* **Provided entries**
--------
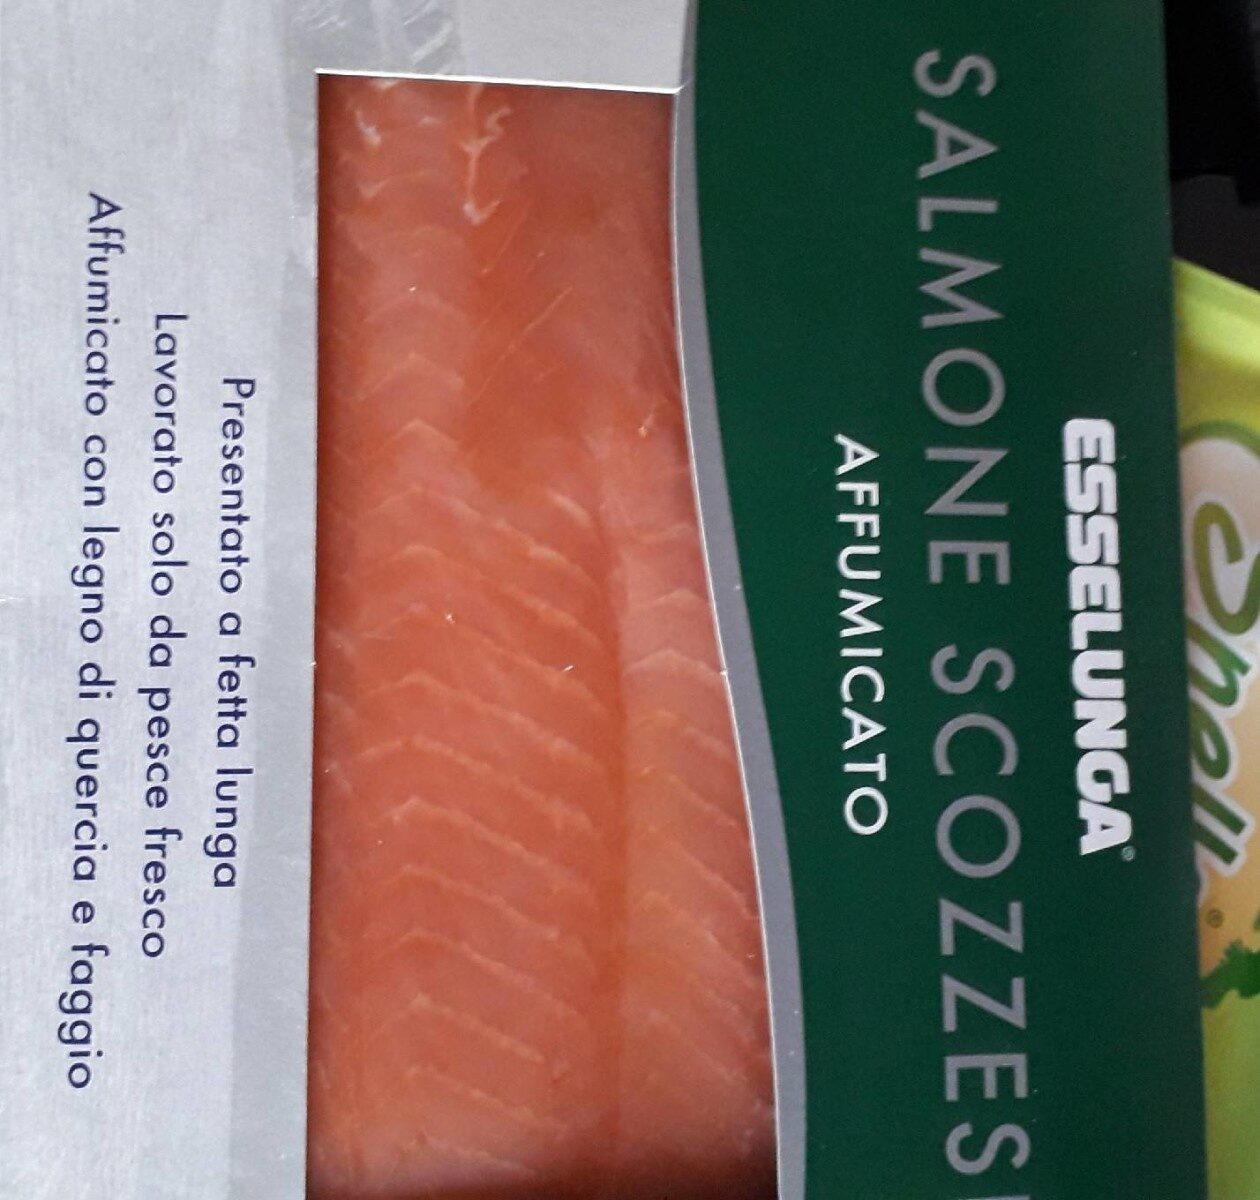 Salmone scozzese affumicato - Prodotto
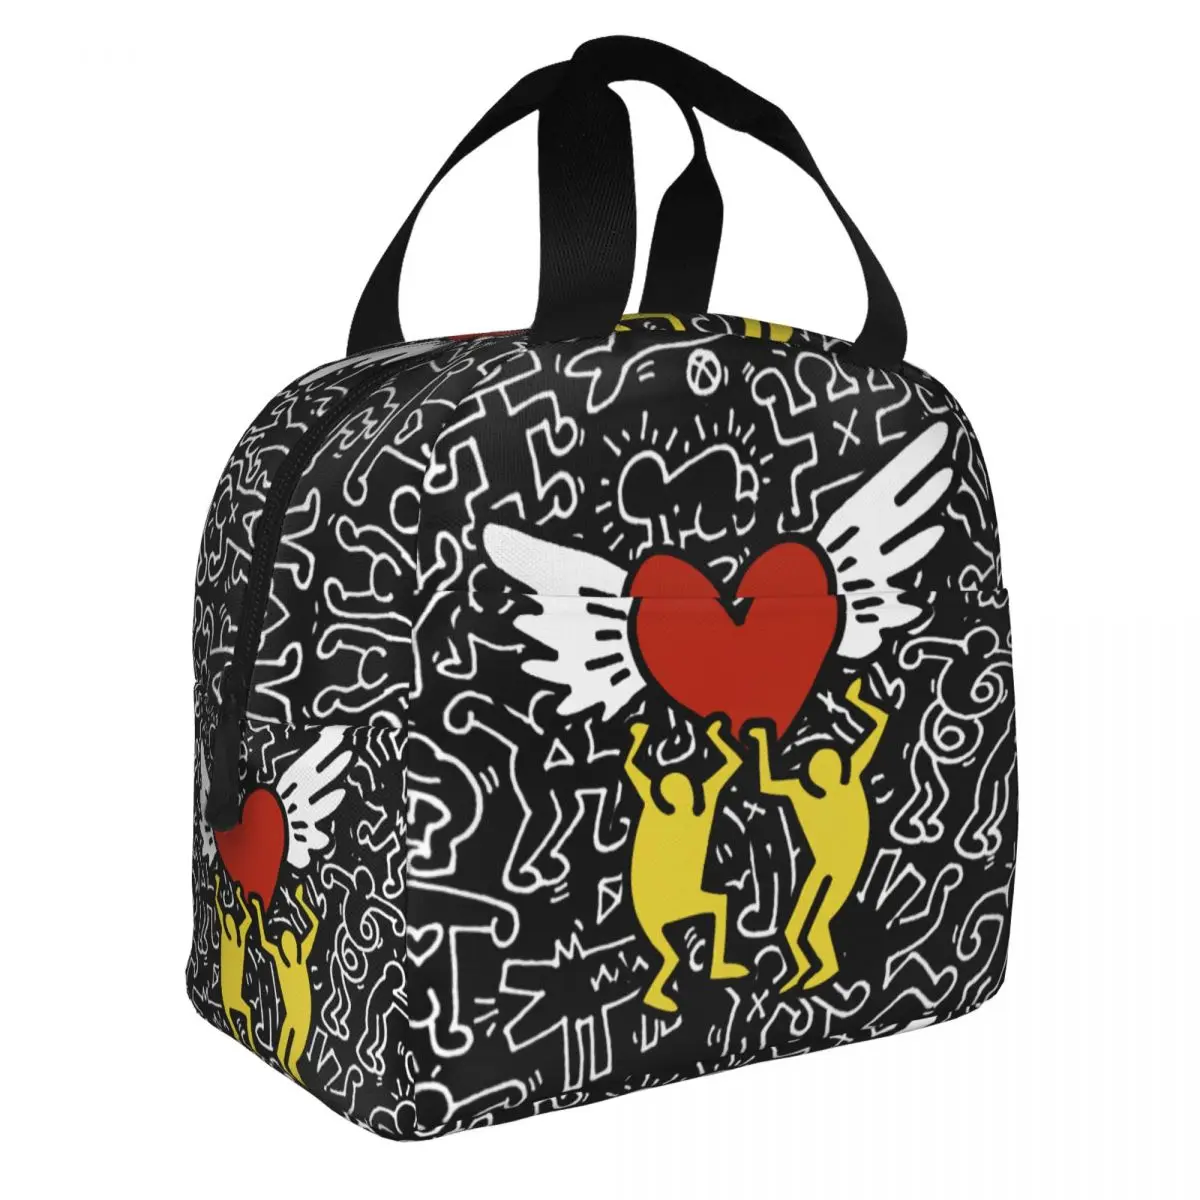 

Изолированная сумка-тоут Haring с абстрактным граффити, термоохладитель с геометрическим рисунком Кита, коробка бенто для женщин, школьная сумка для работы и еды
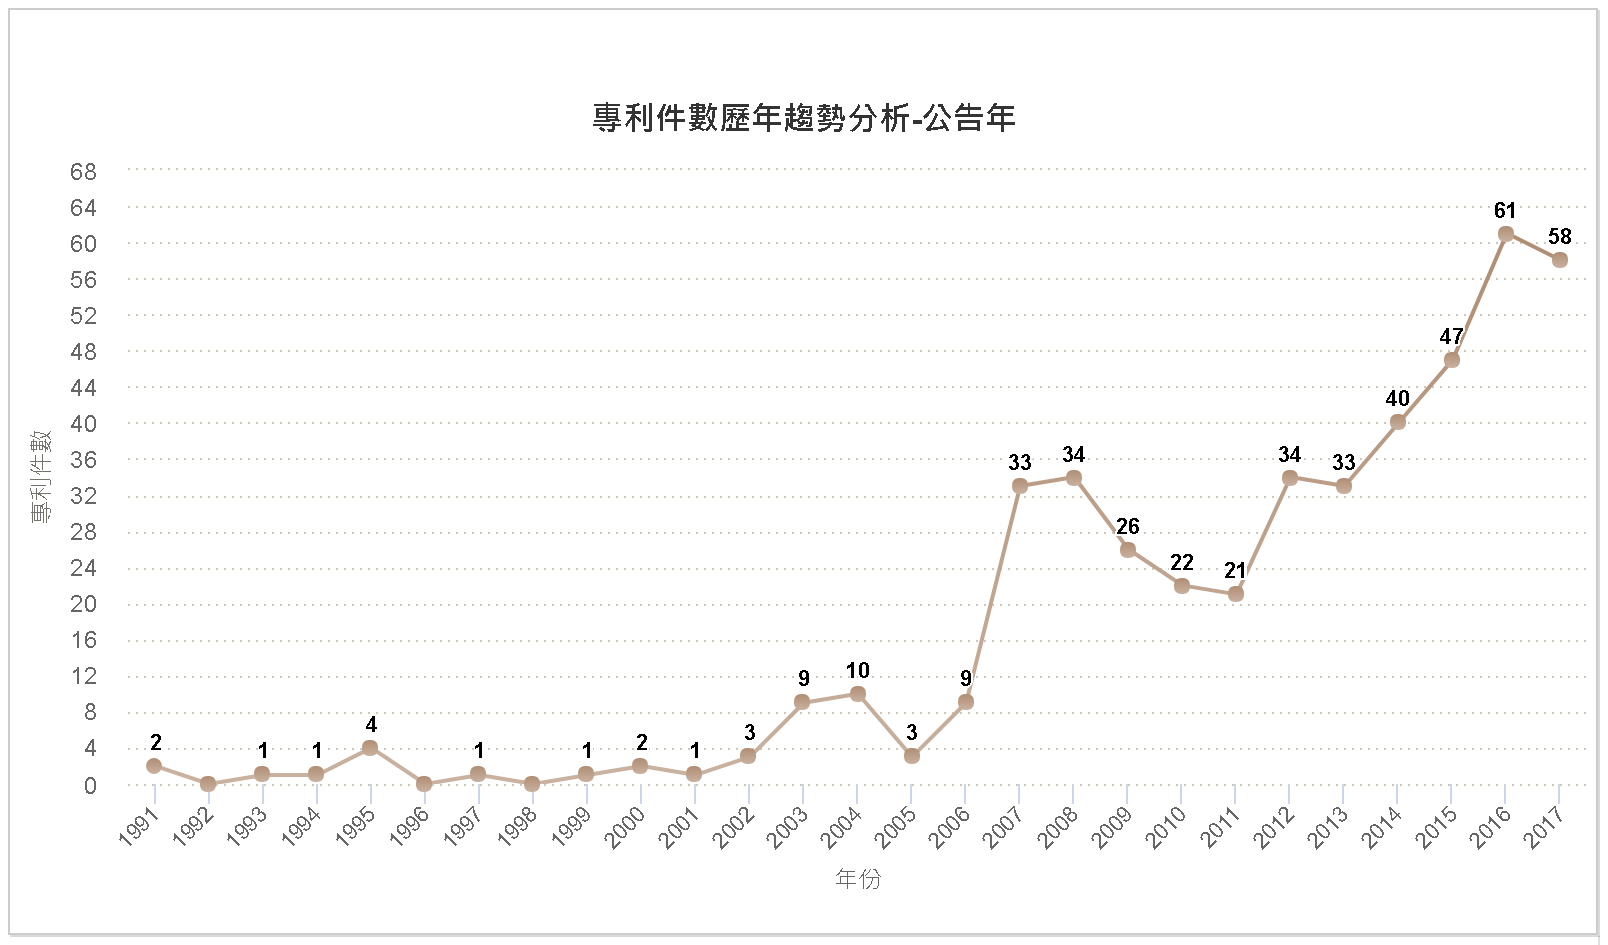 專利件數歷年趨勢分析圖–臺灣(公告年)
--------
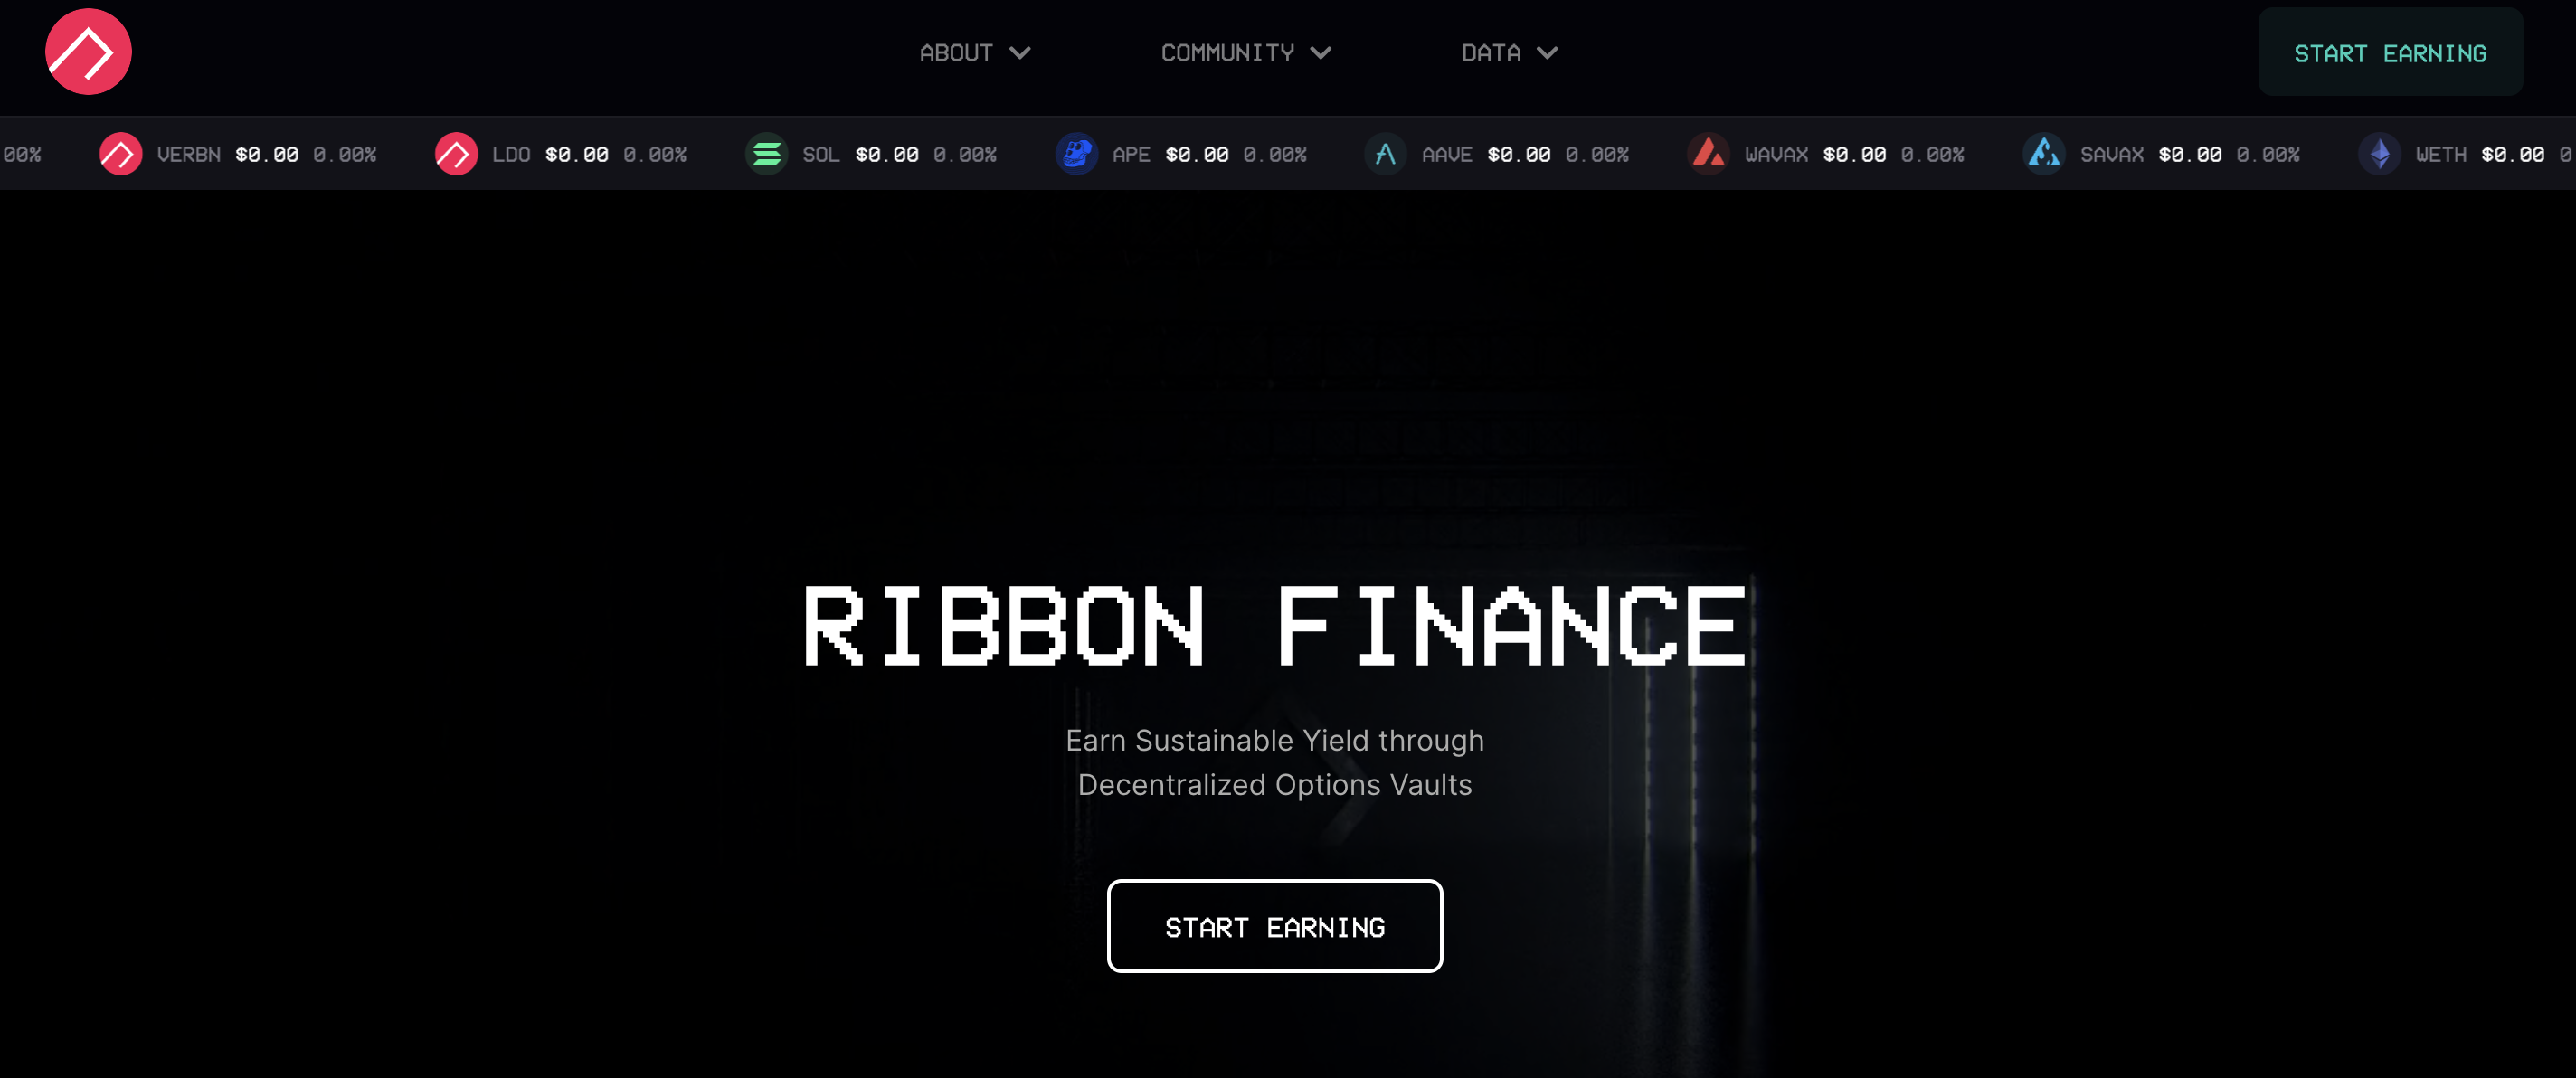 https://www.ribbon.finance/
--------
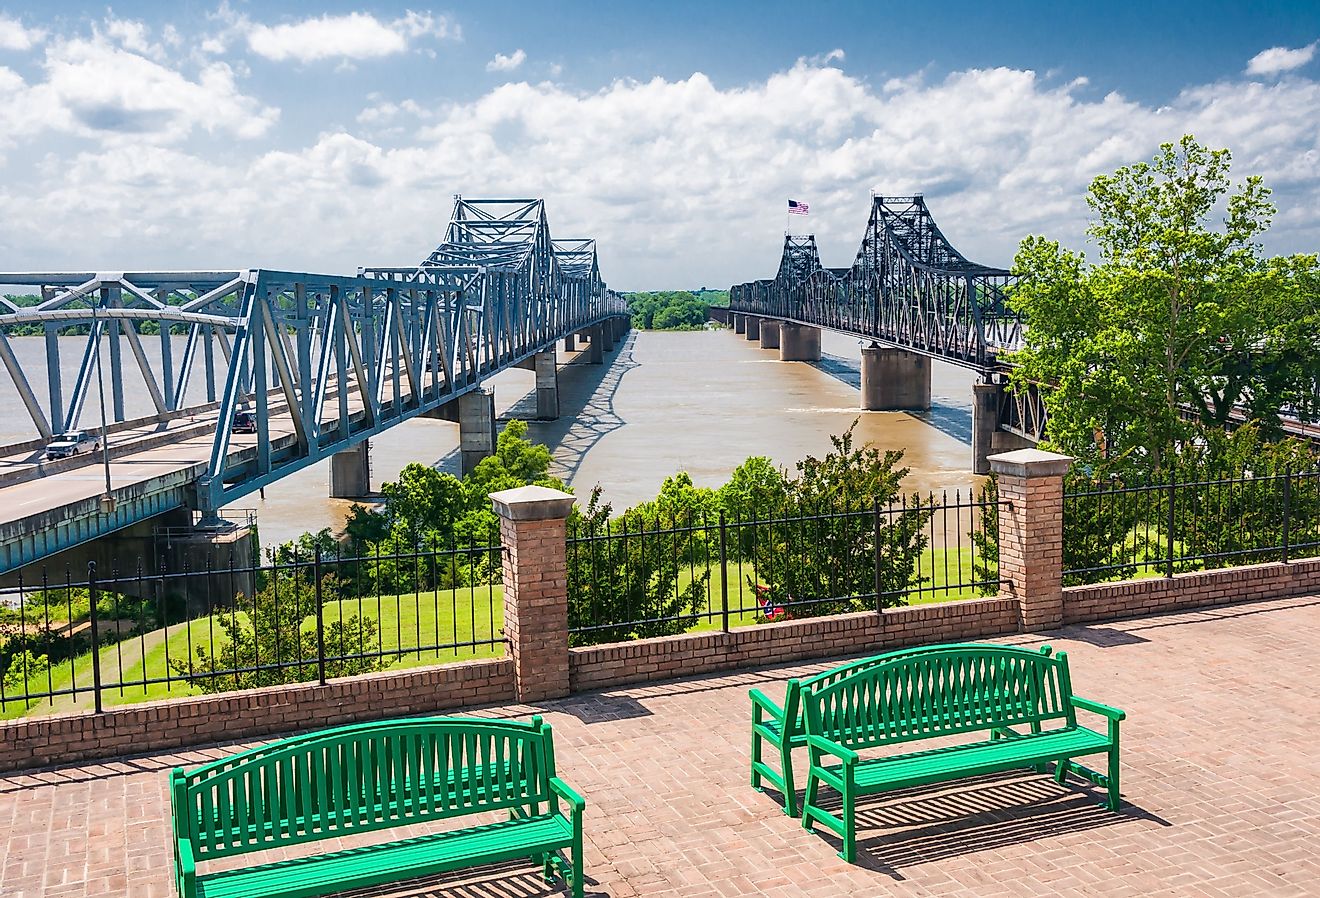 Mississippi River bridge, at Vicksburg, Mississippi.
--------
* **Goal of the exercise**
Using the entries above, transcribe every line from the line containing "Salmone scozzese affumicato - Prodotto" through the line containing "專利件數歷年趨勢分析圖–臺灣(公告年)". Do not copy pictures.

* **Written solution**
 Salmone scozzese affumicato - Prodotto

Изолированная сумка-тоут Haring с абстрактным граффити, термоохладитель с геометрическим рисунком Кита, коробка бенто для женщин, школьная сумка для работы и еды
 專利件數歷年趨勢分析圖–臺灣(公告年)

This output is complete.